As good as The Liar is, Stephen Fry’s second novel, The Hippopotamus, is even better. His Ted Wallace is a giant of a character – a sly, sarcastic, 60-something jaded poet and critic. Unfailingly polite when social or family circumstances dictate, he saves up his venom and unleashes it on us, the gentle reader.
The story is this: Recently fired as a newspaper theatre critic, Wallace is retained by the terminally-ill niece of an old family friend to, essentially, pay an extended visit to that old friend and his family, and report “anything unusual” back to her. The jaded poet becomes a spy. We, and he, are left in the dark as to what, exactly, we should be looking for. But gradually the fog clears. In an astonishingly moving bit of back-story, we learn of Albert, the secular, spiritually disenchanted Austrian-Jewish grandfather, who returned to Vienna in the 1930s to try to bring his cousins back to England with him:
In that awful little room with its imponderably hateful smell, a smell that took all the dignity and colour and strength away from him, his tweeds, his expensive luggage and his small blue passport, in that dreadful stinking room he swore a new loyalty, to his people – his stupid, moaning and cosmically irritating people, whose religion he scorned, whose culture he despised, whose mannerisms and prejudices he abominated.

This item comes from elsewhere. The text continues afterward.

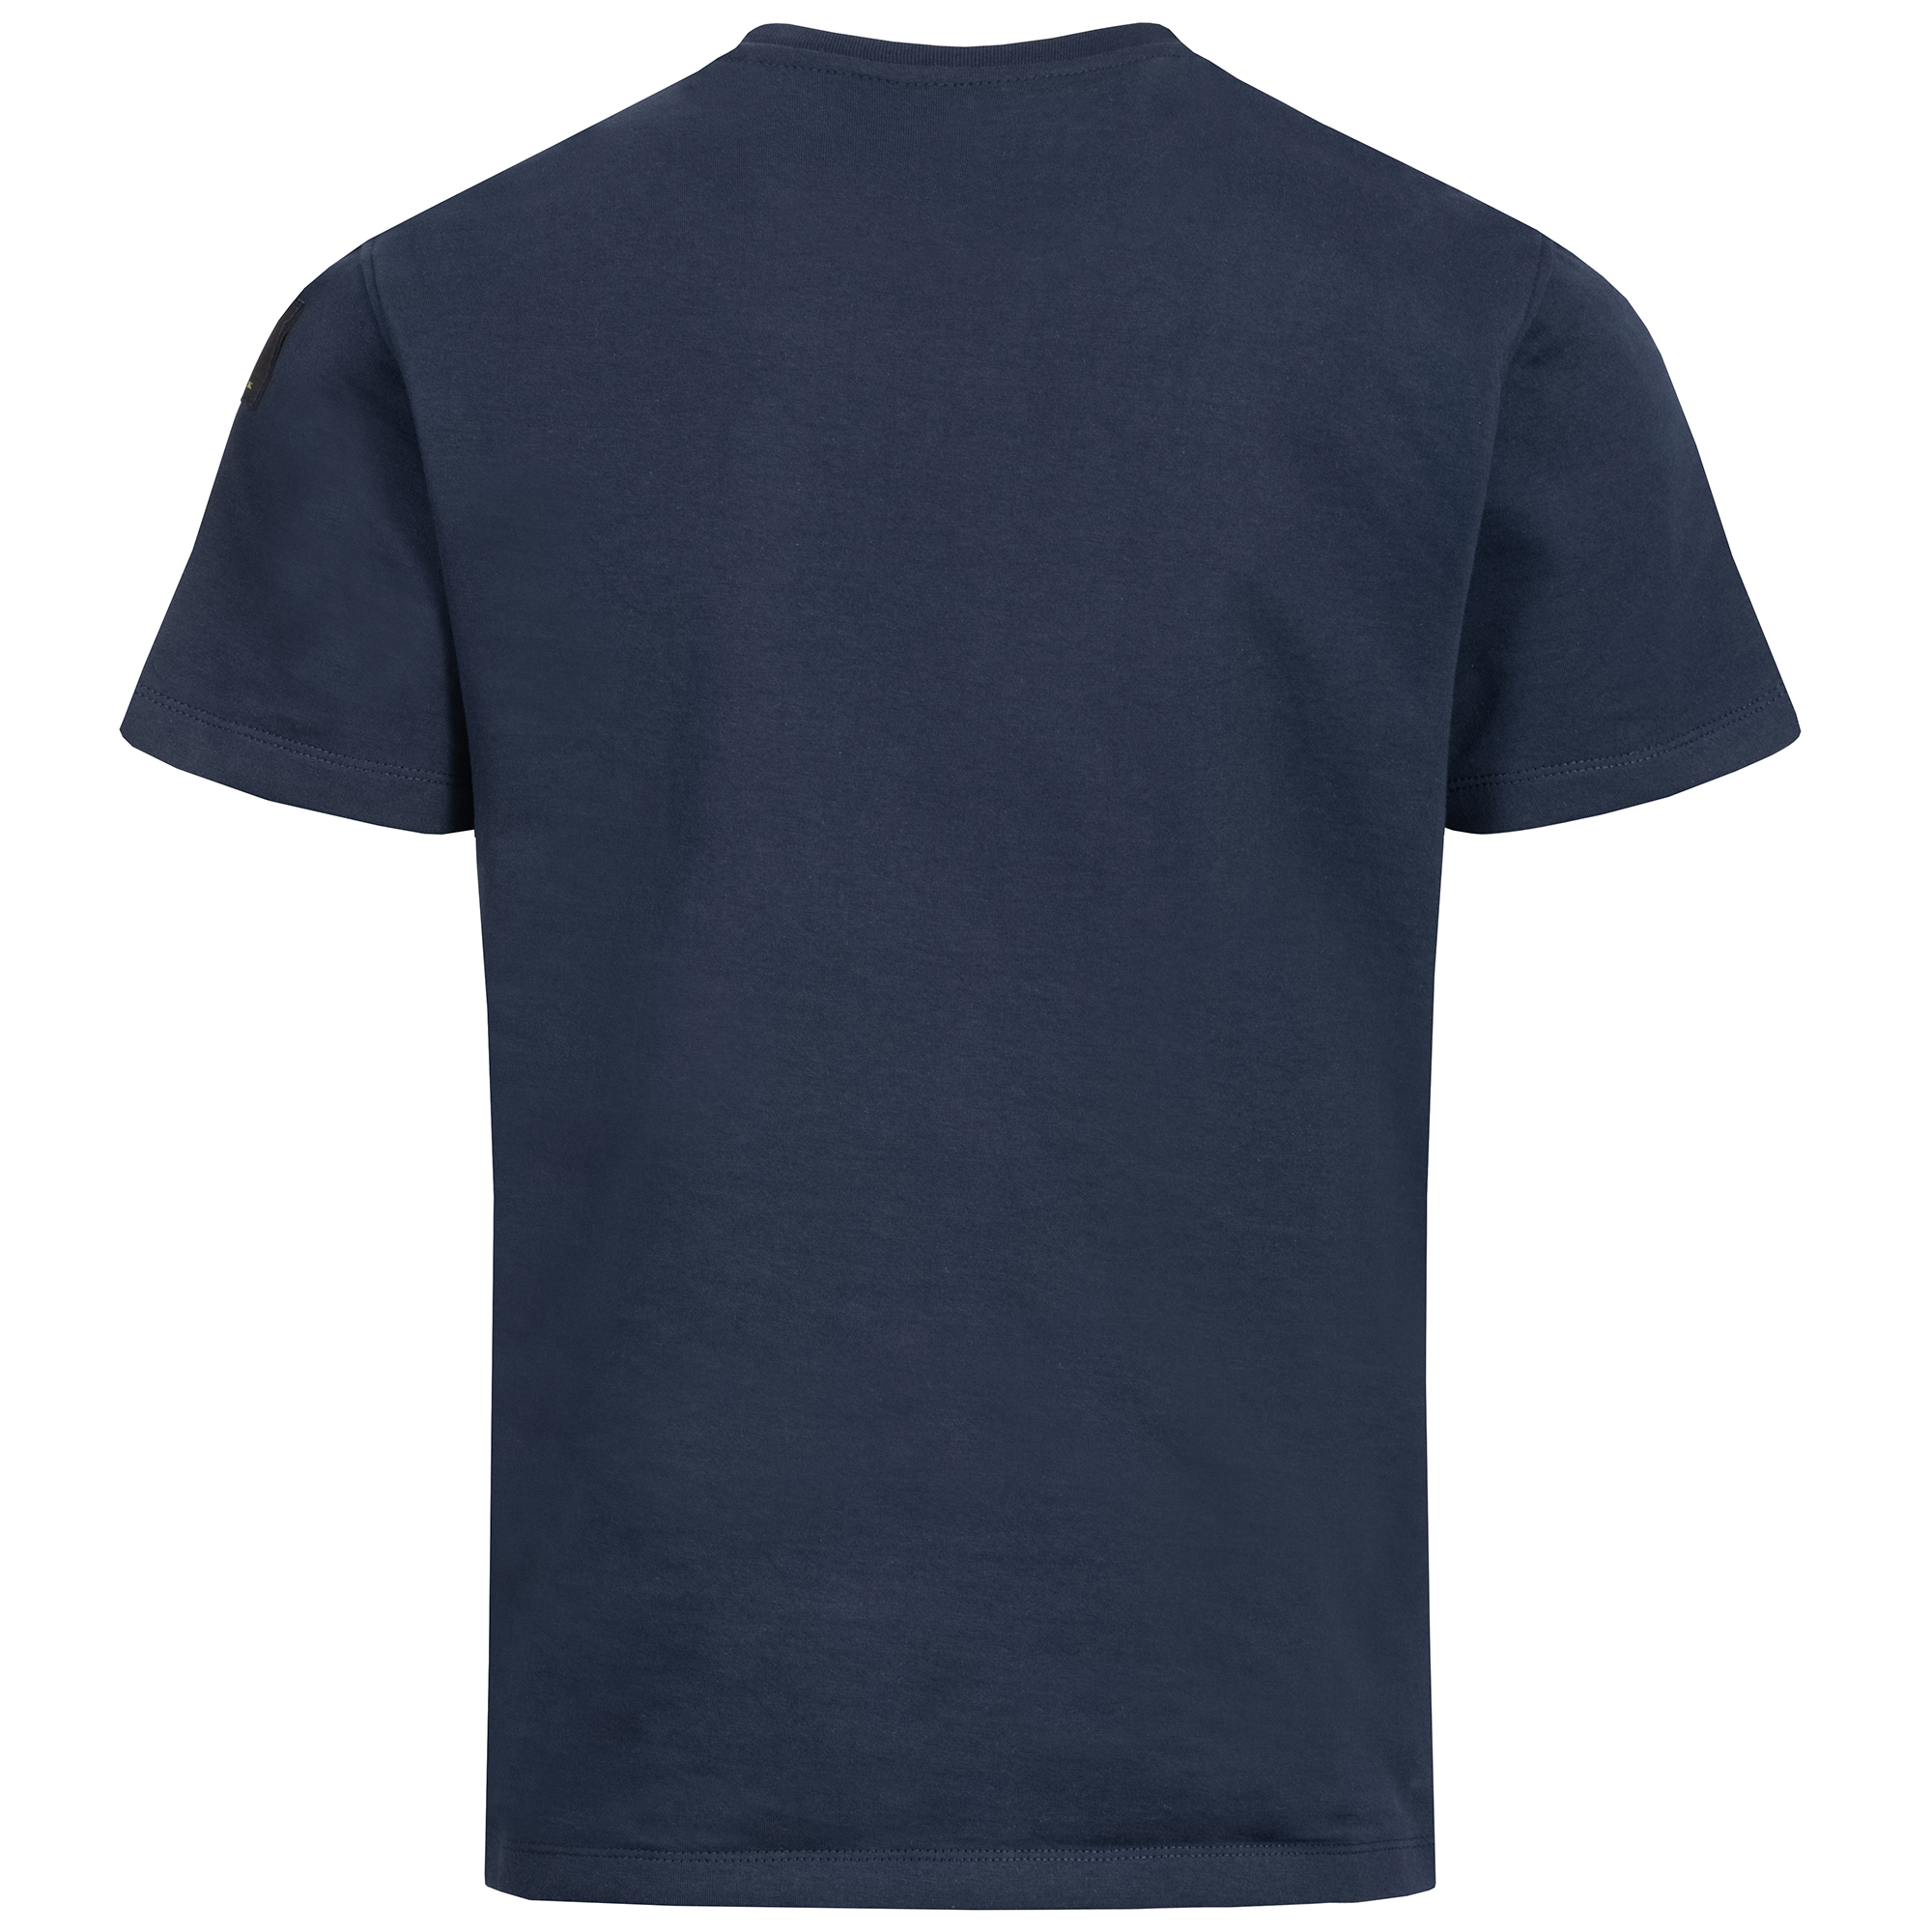 Schnittschutz-T-Shirt Level 5 sehr hoher Schutz Groessen 3XL 7XL vorhanden

We also, in the present, get a sense of the unusual circumstances that Ted was dispatched to uncover. And what began as scathing social satire with a bit of a mystery gradually forming underneath, turns into a rich, stunningly written novel full of tension and eventual catharsis. It’s a fantastic read.
There are several other novels and at least one memoir in the Fry and Laurie canon, and I’d be astonished if they all weren’t written with the same penetrating wit and fierce intelligence. The halls of Cambridge would expect nothing less.